The reciprocal lattice plane is composed of the diffraction spots of crystallographic planes belonging to the  zone. The conditions can also be graphically expressed by the Ewald sphere method using the concept of the reciprocal lattice. The center of the Ewald sphere is located at a crystal to be examined. The incident beam is represented by a line that passes through a crystal at the sphere center and targets the origin of the reciprocal lattice located on the surface of the sphere CO.
The diffraction beam is represented by line connect the sphere center and a lattice point of reciprocal lattice CB. The Bragg conditions are satisfied when a lattice point touches the Ewald sphere surface. The Bragg conditions for plane are satisfied when its reciprocal lattice point touches the surface of the Ewald sphere. This equivalence allows us to detect diffraction from crystallographic planes when the cor- responding reciprocal lattice points touch the Ewald sphere surface.
Formation of diffraction patterns from a single crystal can be well illustrated by the Ewald sphere as shown in Figure 2. Thus, the surface of the Ewald sphere is flat compared with the unit vectors of the reciprocal lattice for crystals. The relatively flat surface of the Ewald sphere touches a number of reciprocal lattice points, and these points form a diffraction pattern on the screen of a TEM as shown in the lower part of Figure 2.
The Ewald sphere also predicts a ring type diffraction pattern in a polycrystalline material, which is considered as an aggregate of the crystals with all possible orientations in three- dimensional space. The short wavelength of electrons makes the Ewald sphere flat. Thus, the array of reciprocal lattice points in a reciprocal plane touches the sphere surface and generates a diffraction pattern on the TEM screen. The outer ring may be visible when the Ewald sphere surface touches the reciprocal plane above the original plane.
Rotation of a reciprocal lattice in all direc- tions reveals all possible crystallographic planes satisfying the Bragg conditions. The polycrystalline diffraction patterns shown at the right-hand side of Figure 2.
The Debye ring recorded by the Hull—Debye—Scherrer method results from randomly oriented crystals in the powder specimen, in which reciprocal lattice points of hkl touch the Ewald sphere surface in various directions to form individual rings.
It is equivalent to rotating a reciprocal lattice along an incident beam axis. Satisfying such conditions does not guarantee that we can detect or see diffraction from crystallographic planes because there is an issue of diffraction intensity.
Diffraction intensity may vary among planes even though the Bragg conditions are satisfied. This section does not extensively discuss diffraction intensity, but only introduces important factors affecting the intensity of the X-ray diffraction.
X-ray diffraction by a crystal arises from X-ray scattering by individual atoms in the crystal. The diffraction intensity relies on collective scattering by all the atoms in the crystal. In an atom, the X-ray is scattered by electrons, not nuclei of atom. An electron scatters the incident X-ray beam to all directions in space.
The X-ray intensity of electron scattering can be calculated by the following equation. The last term in the equation shows the angular effect on intensity, called the polarization factor.

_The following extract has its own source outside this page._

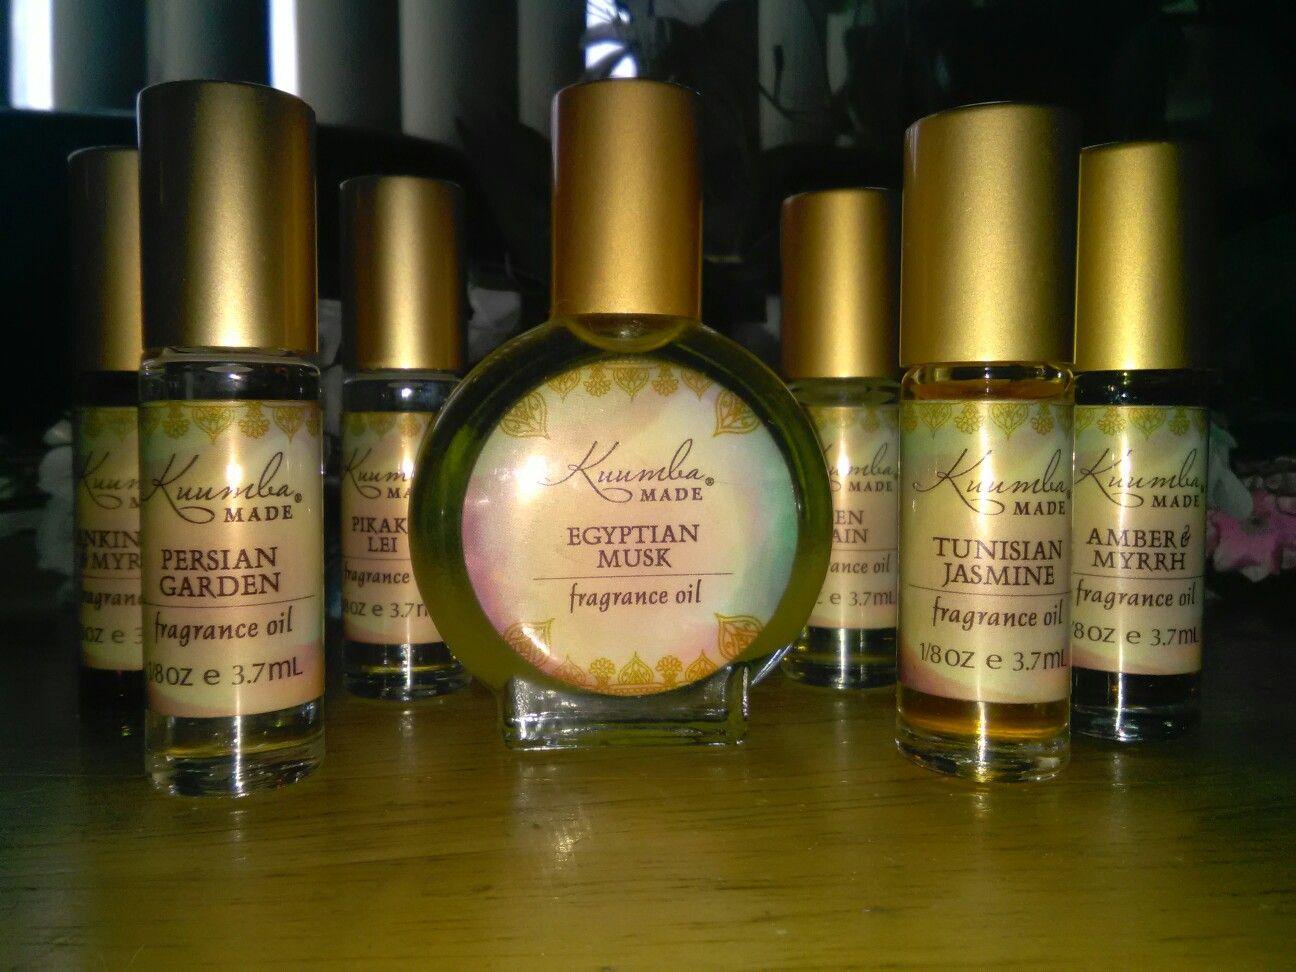 Kuumba Made Persian Garden Fragrance Oil | Fragrance oil, Persian ...
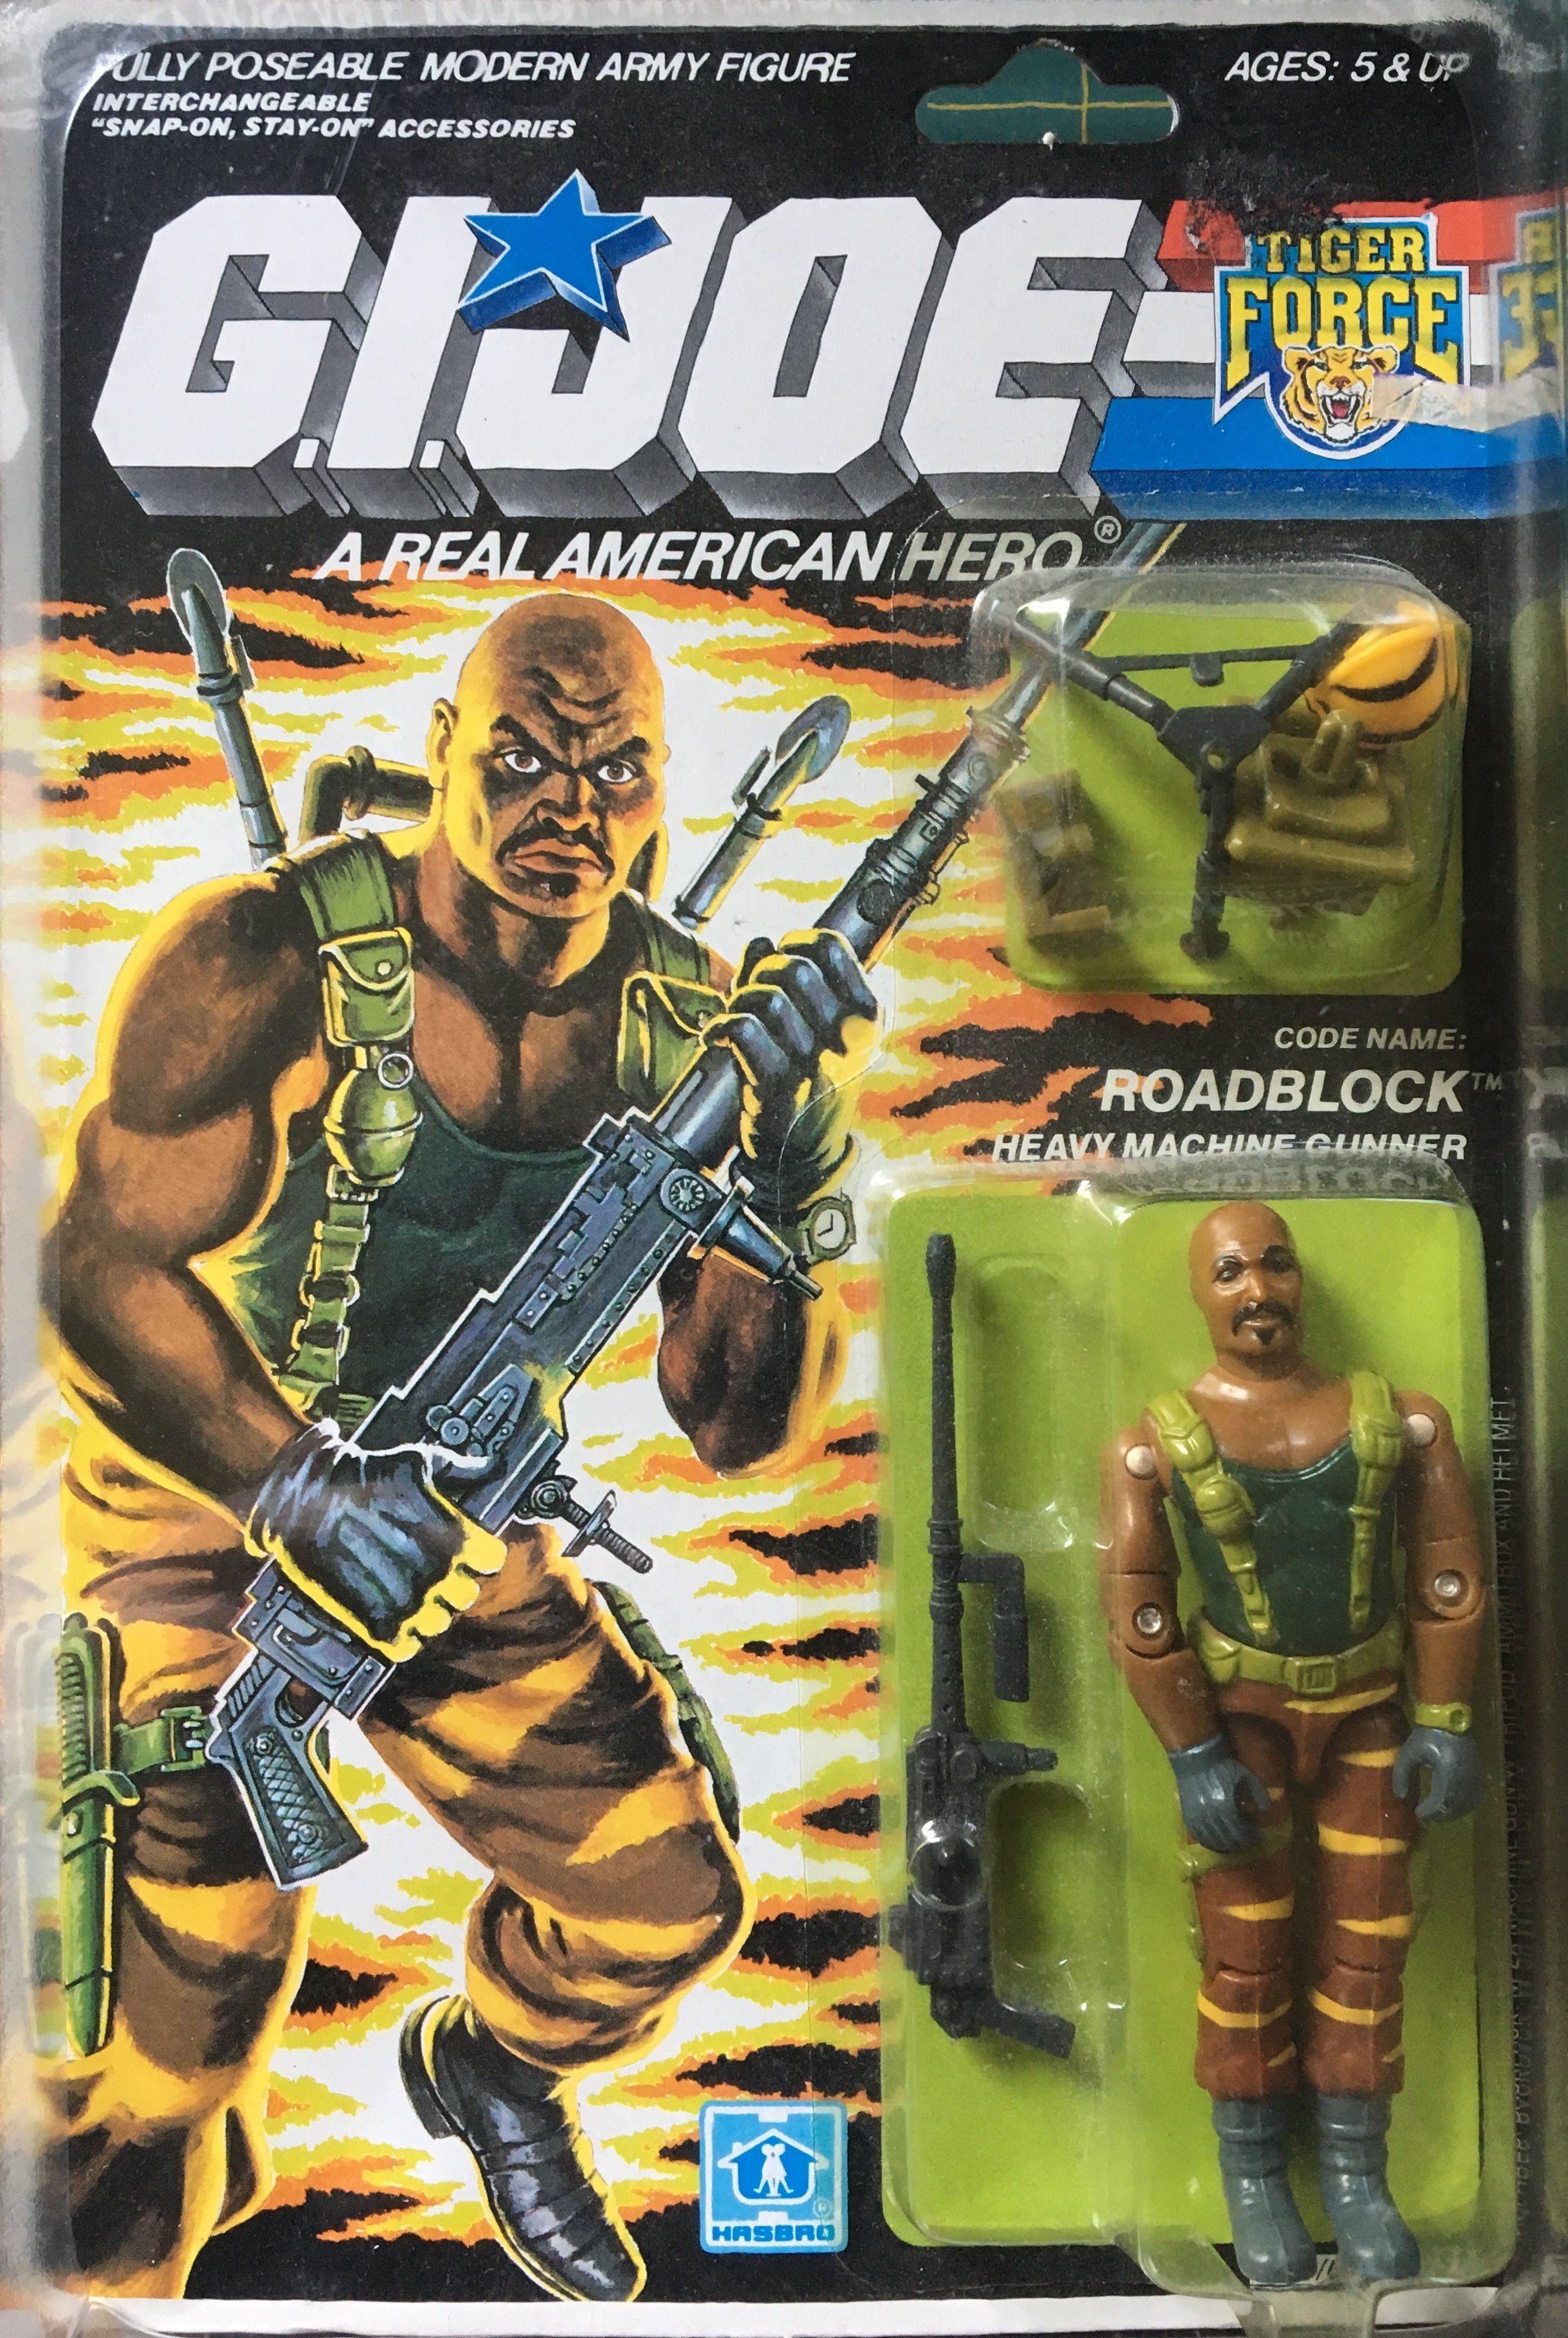 GI Joe Weapon Tiger Force Duke Backpack 1988 Original Figure Accessory

The incident X-ray is unpolarized, but the scattering process polarizes it. The total scattering intensity of an atom at a certain scattering angle, however, is less than the simple sum of intensities of all electrons in the atom. There is destructive interference between electrons due to their location differences around a nucleus, as illustrated in Figure 2.
The intensity from a Cu atom does not equal 29 times that of a single electron in Equation 2. The atomic scattering factor f is used to quantify the scattering intensity of an atom. Structure Extinction The most important aspect of intensity calculations is the structure extinction. This term refers to interference between scattering atoms in a unit cell of a crystal. If there is more than one atom in a unit cell for example, a face-centered cubic lattice has four atoms in a unit cell , intensity from certain crystallographic planes can become extinct due to interference between atoms on different planes.
When the Bragg conditions are satisfied for plane diffraction, and thus, the path difference ABC equals one wavelength, diffraction from the plane of the base-centered crystal Figure 2. This means that no diffraction from the plane in a body-centered crystal can be detected. Note that diffraction of plane in a body- centered crystal can be detected at another angle that it makes DEF equal to one wavelength.
The structure extinction of intensity can be calculated by the structure factor F. Suppose that there are N atoms per unit cell, and the location of atom n is known as un , vn , wn and its atomic structure factor is fn.
The structure factor for hkl plane Fhkl can be calculated. We can calculate the diffraction intensity of and using Equation 2. Practically, we do not have to calculate the structure extinction using Equation 2.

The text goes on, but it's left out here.